The systems and techniques described here can be implemented in a computing system that includes a back-end component (e.g., as a data server), or that includes a middleware component (e.g., an application server), or that includes a front-end component (e.g., a user computer having a graphical user interface or a web browser through which a user can interact with an implementation of the systems and techniques described here), or any combination of such back-end, middleware, or front-end components. The components of the system can be interconnected by any form or medium of digital data communication (e.g., a communication network). Examples of communication networks include: local Area Networks (LANs), Wide Area Networks (WANs), and the Internet.
The computer system may include clients and servers. A client and server are generally remote from each other and typically interact through a communication network. The relationship of client and server arises by virtue of computer programs running on the respective computers and having a client-server relationship to each other. The server may be a cloud server, a server of a distributed system, or a server with a combined blockchain.

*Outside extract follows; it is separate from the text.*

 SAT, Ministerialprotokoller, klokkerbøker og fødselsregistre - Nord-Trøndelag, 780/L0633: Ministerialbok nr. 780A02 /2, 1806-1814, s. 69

It should be understood that various forms of the flows shown above may be used, with steps reordered, added, or deleted. For example, the steps described in the present disclosure may be executed in parallel, sequentially, or in different orders, as long as the desired results of the technical solutions disclosed in the present disclosure can be achieved, and the present disclosure is not limited herein.

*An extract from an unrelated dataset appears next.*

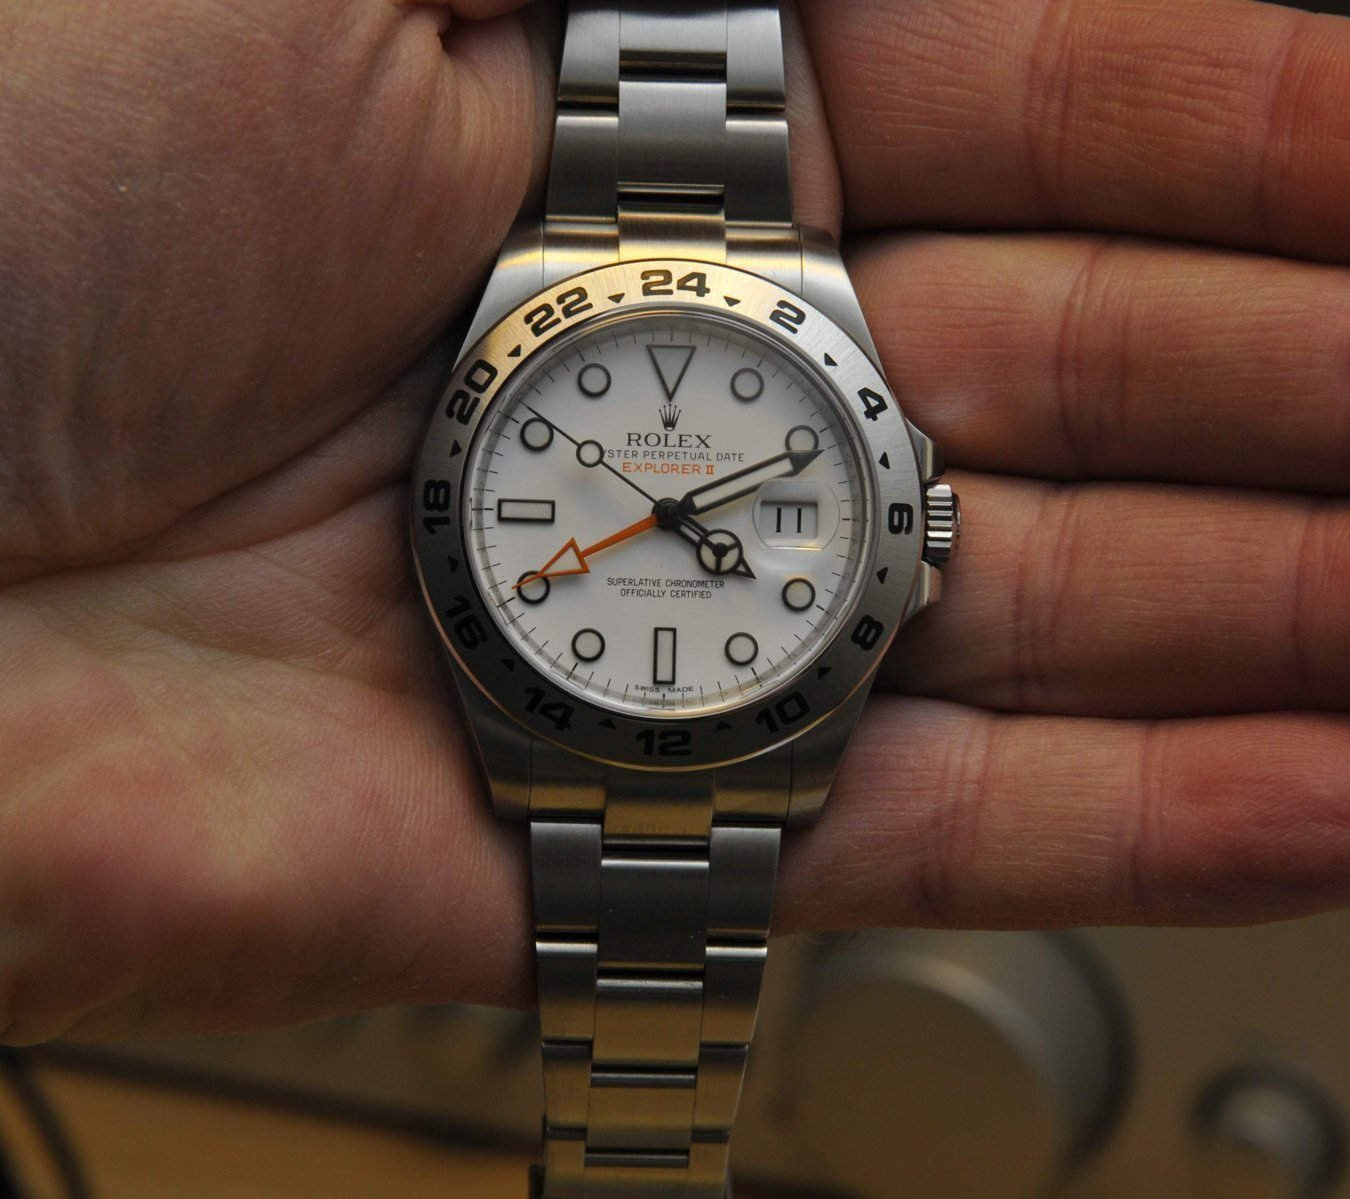 Rolex E 2015-01-11 (i hand).jpg

The above detailed description should not be construed as limiting the scope of the disclosure. It should be understood by those skilled in the art that various modifications, combinations, sub-combinations and substitutions may be made in accordance with design requirements and other factors. Any modification, equivalent replacement, and improvement made within the spirit and principle of the present disclosure should be included in the scope of protection of the present disclosure.
Claims (17)
1. An audio data transmission method comprising:
acquiring audio data;
when the current state is a non-mute state, detecting whether the audio data is voice data;
if the audio data is not the voice data, encoding the audio data to obtain a mute frame;
if the first count reaches a preset value, generating a first aggregation packet according to the first count, clearing the first count, and sending the first aggregation packet to a receiving end;
otherwise, the first count is accumulated.

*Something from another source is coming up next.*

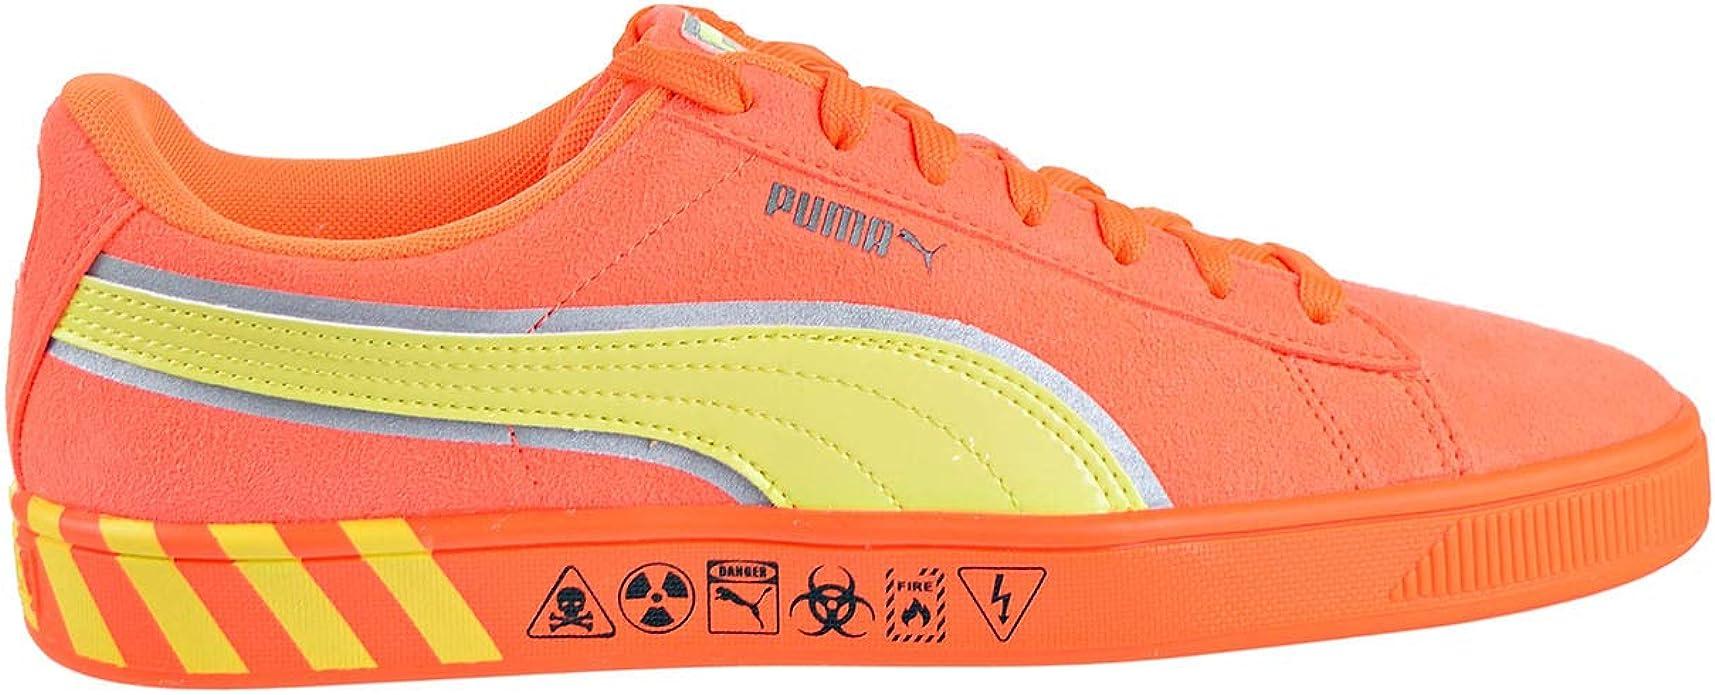 PUMA mens Hazard Orange Sneaker

2. The method of claim 1, wherein the method further comprises:
if the voice data exists, encoding the audio data to obtain a voice frame;
generating a voice packet according to the voice frame;
and sending the voice packet to a receiving end.
3. The method of claim 2, wherein the transmitting the voice packet to a receiving end comprises:
if the first count is not 0, generating a first aggregation packet according to the first count and clearing the first count;
sending the first aggregation packet to a receiving end;
and sending the voice packet to a receiving end.
4. The method of claim 1, wherein the method further comprises:
when the current state is a mute state, if a second count reaches a preset value, generating a second aggregation packet according to the second count, clearing the second count, and sending the second aggregation packet to a receiving end;
otherwise, the second count is accumulated.
5. An audio data transmission method comprising:
in response to receiving a data packet, detecting a type of the data packet;
preprocessing the data packet according to the type of the data packet and then inserting the data packet into a buffer;
reading data packets from the buffer in a time sequence;
and decoding the read data packet according to the type of the read data packet.
6. The method of claim 5, wherein the pre-processing the data packet according to the type of the data packet and inserting the data packet into a buffer comprises:
if the type is a first aggregate packet, then unpacking the data packet into a first count of noisy packets for insertion into a buffer;
if the type is a second aggregate packet, then unpacking the data packet into a second count of silence packets for insertion into a buffer;
if the type is a voice packet, it is inserted directly into the buffer.
7. The method of claim 5, wherein the decoding the read packet according to the type of the read packet comprises:
if the read data packet is a mute packet, generating an all-0 data packet;
if the read data packet is a noise packet, generating comfortable noise;
and if the read data packet is a voice packet, performing audio decoding.
8. An audio data transmission apparatus comprising:
an acquisition unit configured to acquire audio data;
a detection unit configured to detect whether the audio data is voice data when a current state is a non-mute state;
the encoding unit is configured to encode the audio data to obtain a mute frame if the audio data is not the voice data;
the generating unit is configured to generate a first aggregation packet according to a first count if the first count reaches a preset value, clear the first count and send the first aggregation packet to a receiving end;
a counting unit configured to accumulate the first count if the first count does not reach a predetermined value.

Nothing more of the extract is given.